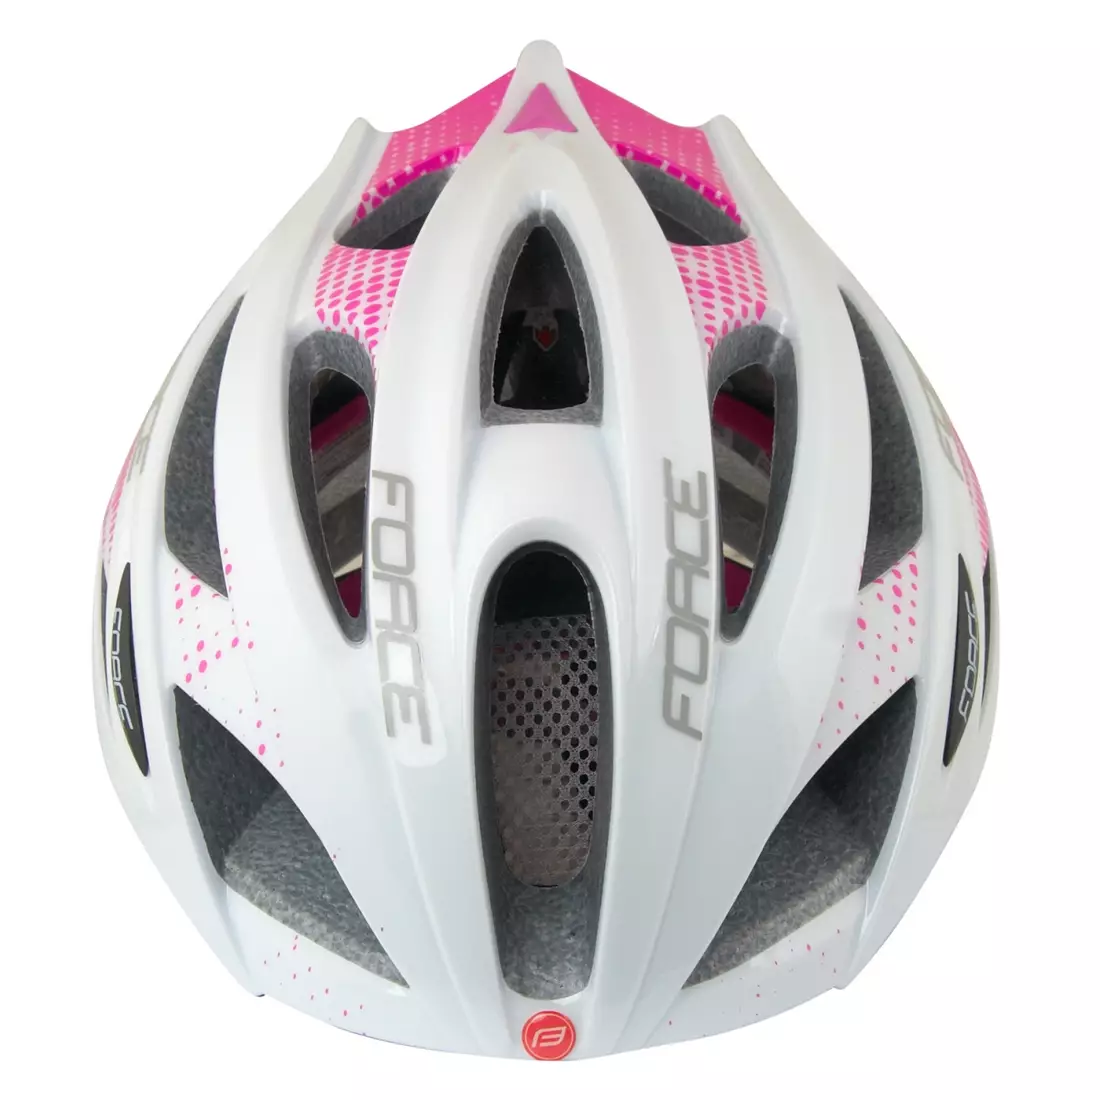 Casca de bicicleta de dama FORCE COBRA 902930 alb si roz
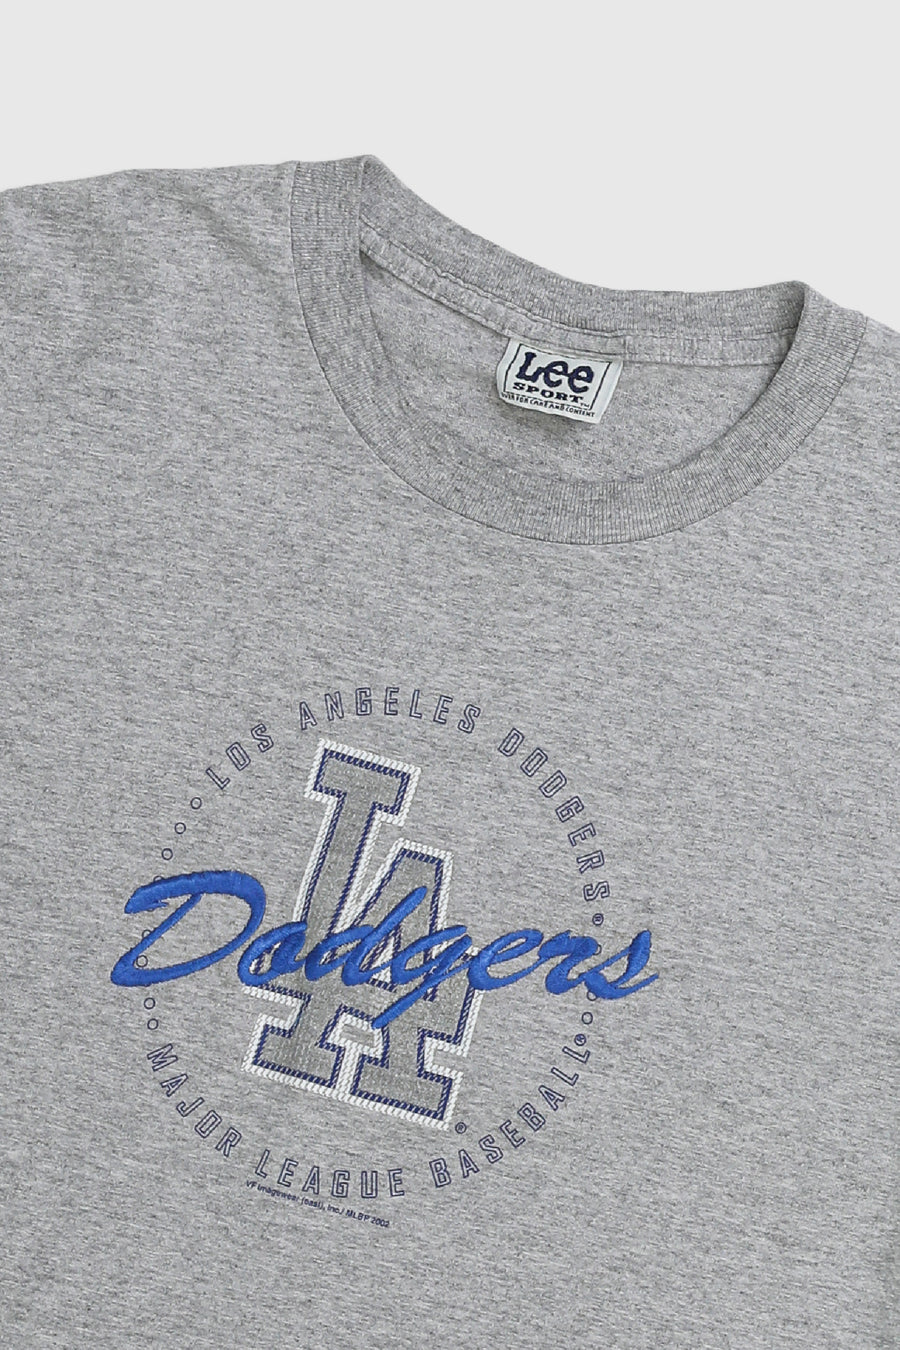 Vintage LA Dodgers MLB Tee
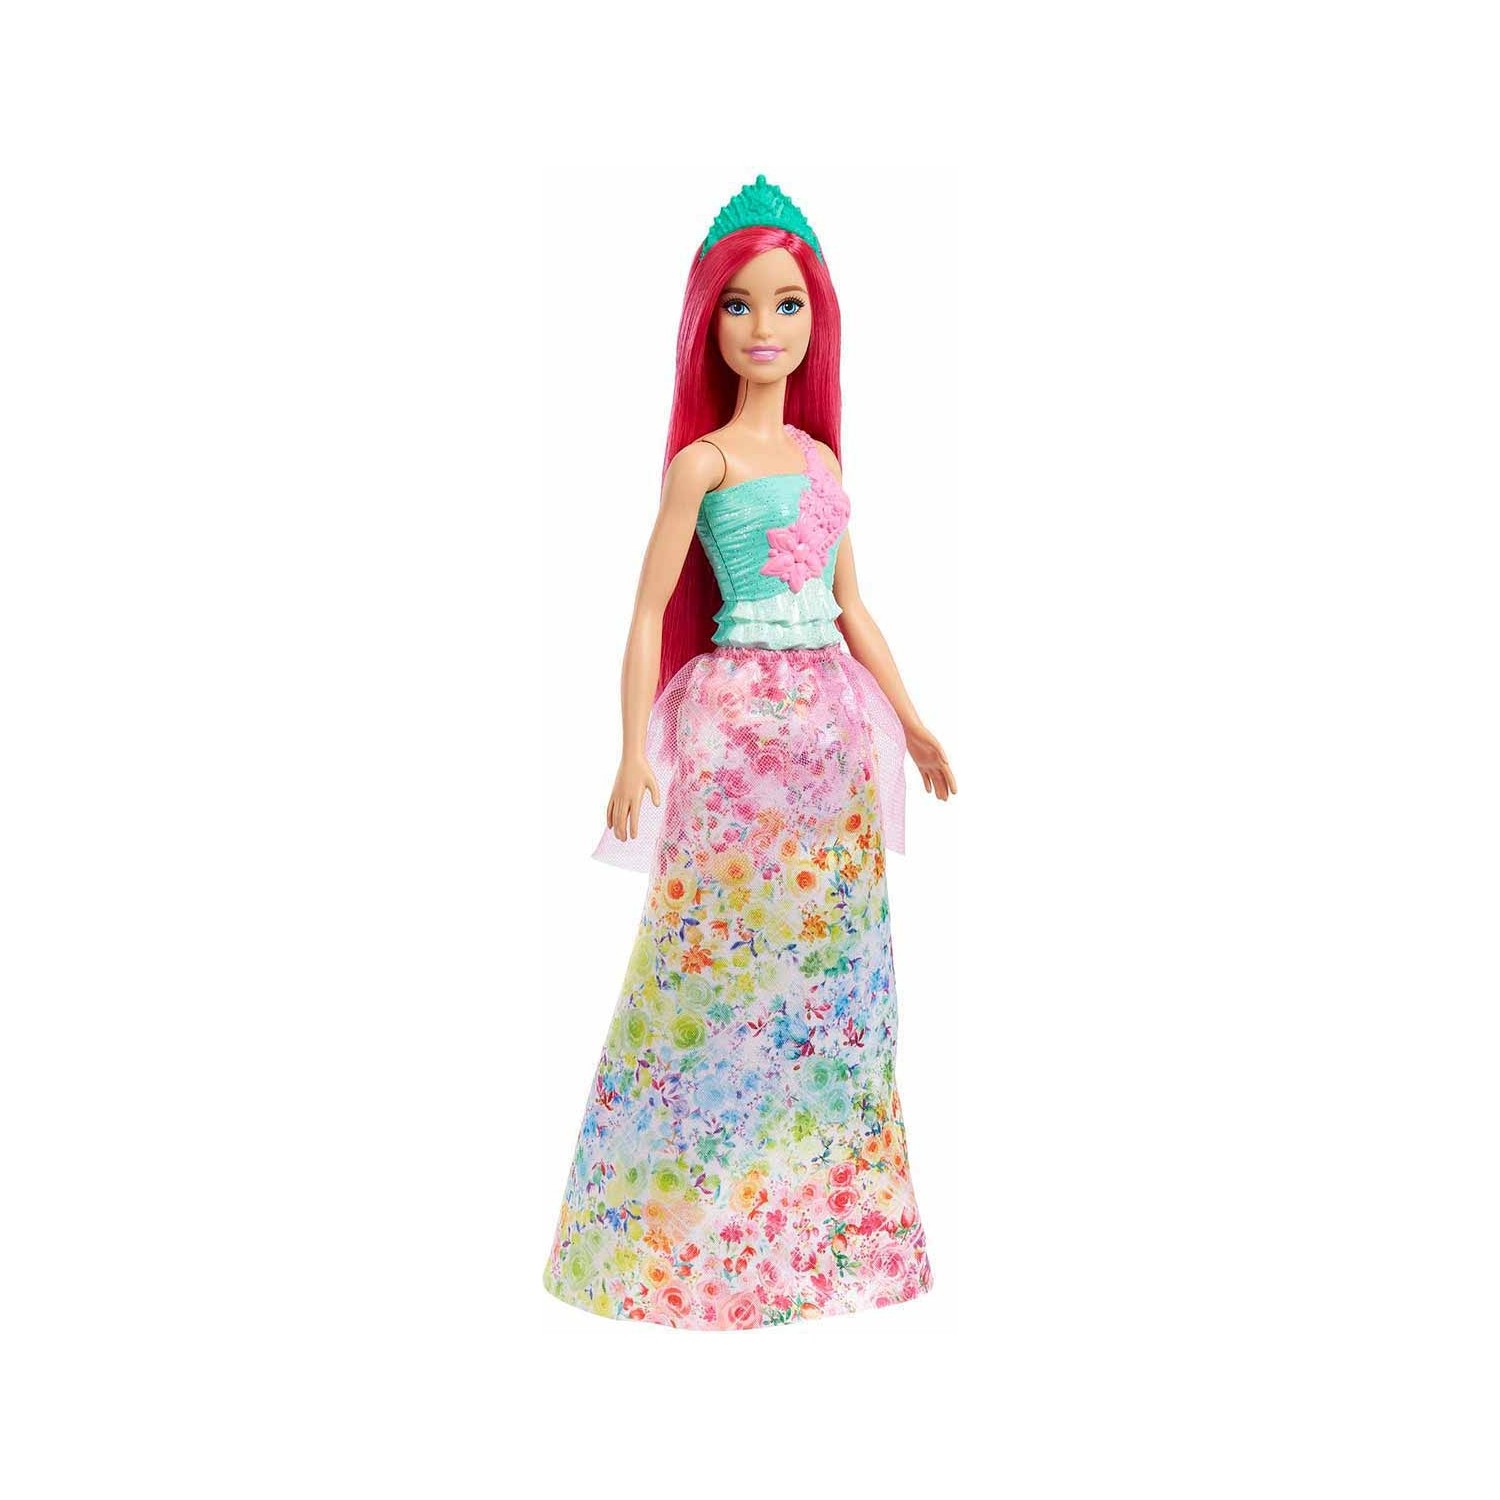 Кукла Barbie Dreamtopia Princess HGR15 кукла barbie dreamtopia princess fjc95
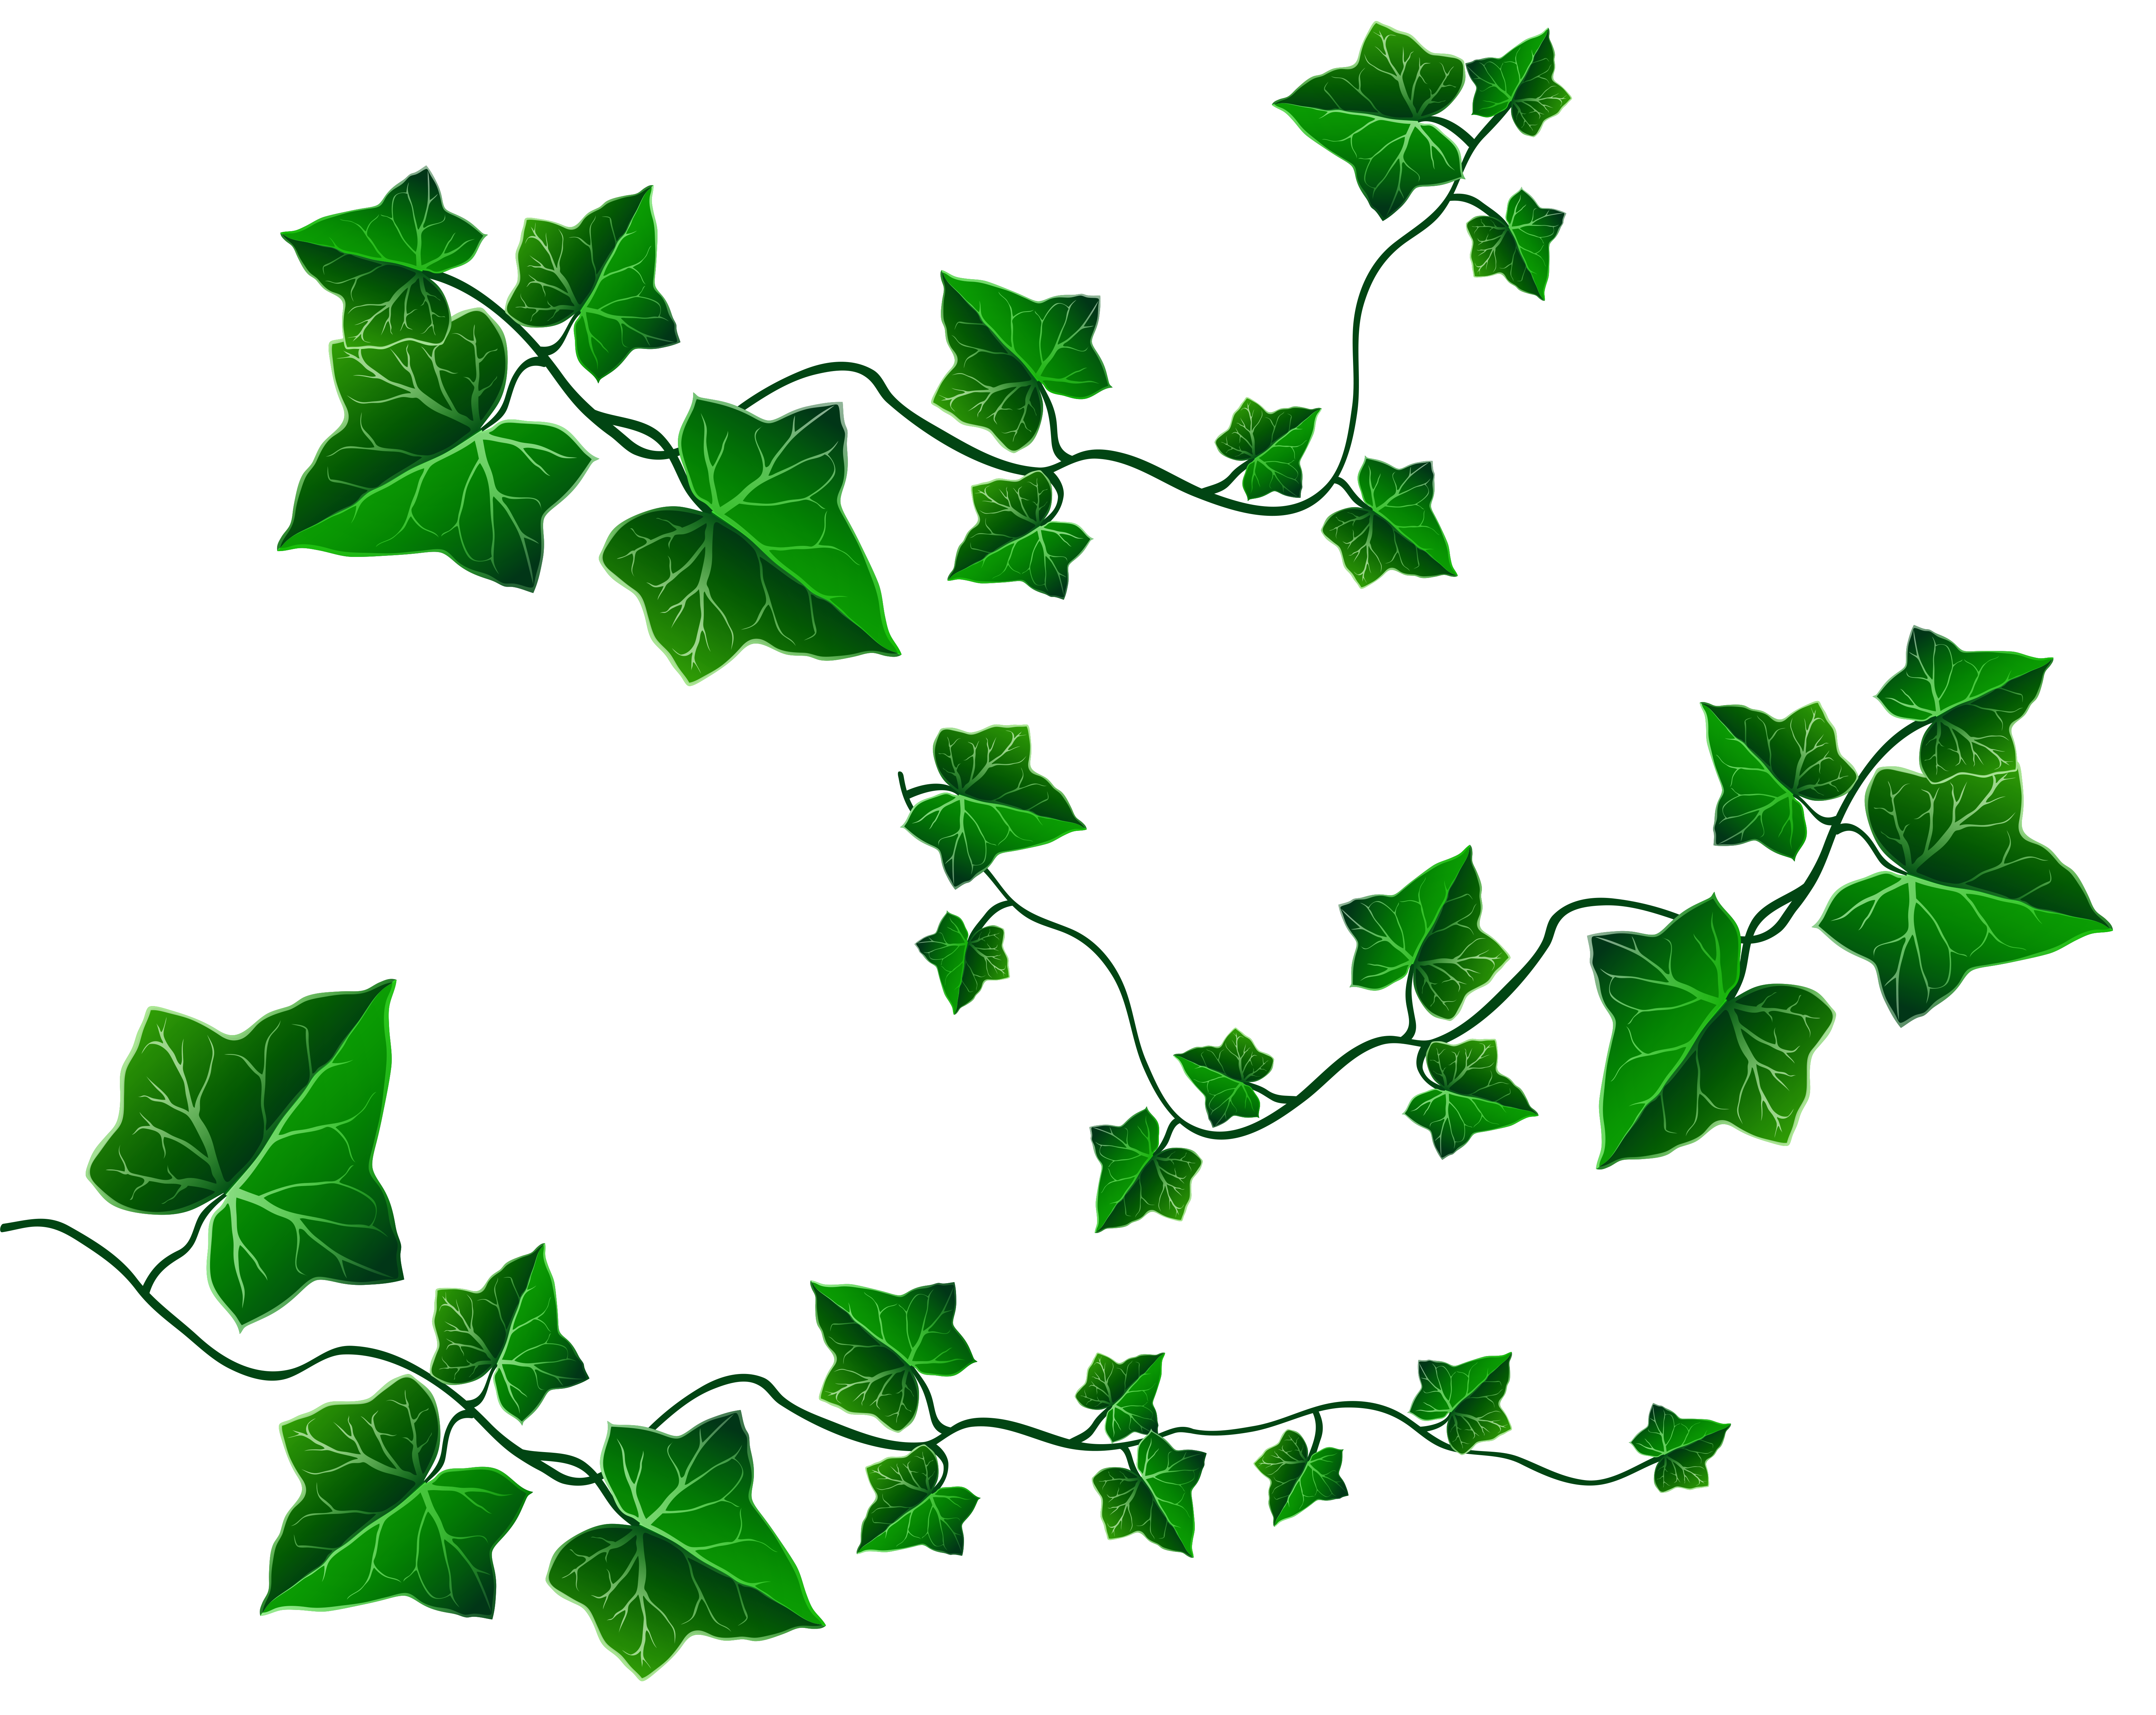 Green Vine PNG Transparent, Green Vines, Vine Clipart, Green, Leaf PNG  Image For Free Download

══════════

§ WHAT TO PRODUCE
Everything from the top line of the data down to and including the line with "Кукла Barbie Dreamtopia Princess HGR15" is to be copied, except the pictures.

§ ANSWER BELOW
 Casca de bicicleta de dama FORCE COBRA 902930 alb si roz
 Vintage LA Dodgers MLB Tee
 Кукла Barbie Dreamtopia Princess HGR15 кукла barbie dreamtopia princess fjc95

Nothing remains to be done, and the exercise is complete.